I have results from the same test applied to two independent samples:

x <- c(17, 12, 13, 16, 9, 19, 21, 12, 18, 17)
y <- c(10, 6, 15, 9, 8, 11, 8, 16, 13, 7, 5, 14)

And I want to compute a Wilcoxon rank sum test.

When I calculate the statistic $T_{W}$ by hand, I get: $$ T_{W}=\sum\text{rank}(X_{i}) = 156.5 $$

When I let R perform a wilcox.test(x, y, correct = F), I get:

W = 101.5

Why is that? Shouldn't the statistic $W^{+}$ only be returned when I perform a signed rank test with paired = T? Or do I misunderstand the rank sum test?

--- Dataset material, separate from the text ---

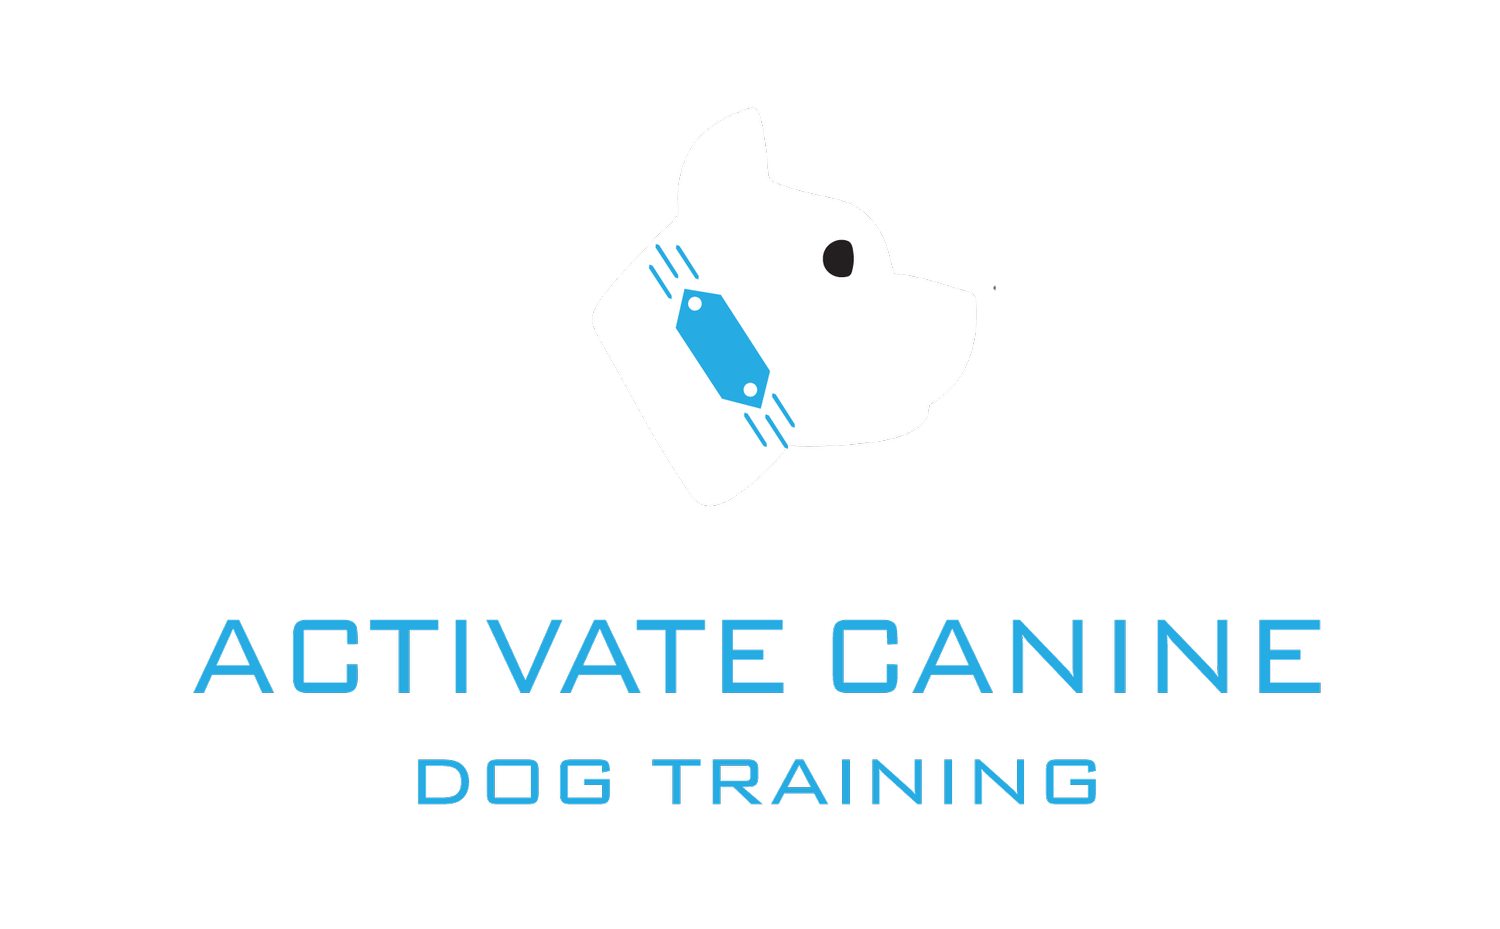 Activate Canine Dog Training

How can I tell R to output $T_{W}$

As part of the test results, not through something like:

dat <- data.frame(v = c(x, y), s = factor(rep(c("x", "y"), c(10, 12))))
dat$r <- rank(dat$v)
T.W <- sum(dat$r[dat$s == "x"])

I asked a follow up question about the meaning of the Different ways to calculate the test statistic for the Wilcoxon rank sum test


1 Answer 1


The Note in the help on the wilcox.test function clearly explains why R's value is smaller than yours:


The literature is not unanimous about the definitions of the Wilcoxon rank sum and Mann-Whitney tests. The two most common definitions correspond to the sum of the ranks of the first sample with the minimum value subtracted or not: R subtracts and S-PLUS does not, giving a value which is larger by m(m+1)/2 for a first sample of size m. (It seems Wilcoxon's original paper used the unadjusted sum of the ranks but subsequent tables subtracted the minimum.)

That is, the definition R uses is $n_1(n_1+1)/2$ smaller than the version you use, where $n_1$ is the number of observations in the first sample.

As for modifying the result, you could assign the output from wilcox.test into a variable, say a, and then manipulate a$statistic - adding the minimum to its value and changing its name. Then when you print a (e.g. by typing a), it will look the way you want.

To see what I am getting at, try this:

a <- wilcox.test(x,y,correct=FALSE)

So for example if you do this:

n1 <- length(x)
a$statistic <- a$statistic + n1*(n1+1)/2
names(a$statistic) <- "T.W"

then you get:

        Wilcoxon rank sum test with continuity correction

data:  x and y 
T.W = 156.5, p-value = 0.006768
alternative hypothesis: true location shift is not equal to 0 

It's quite common to refer to the rank sum test (whether shifted by $n_1(n_1+1)/2$ or not) as either $W$ or $w$ or some close variant (e.g. here or here). It also often gets called '$U$' because of Mann & Whitney. There's plenty of precedent for using $W$, so for myself I wouldn't bother with the line that changes the name of the statistic, but if it suits you to do so there's no reason why you shouldn't, either.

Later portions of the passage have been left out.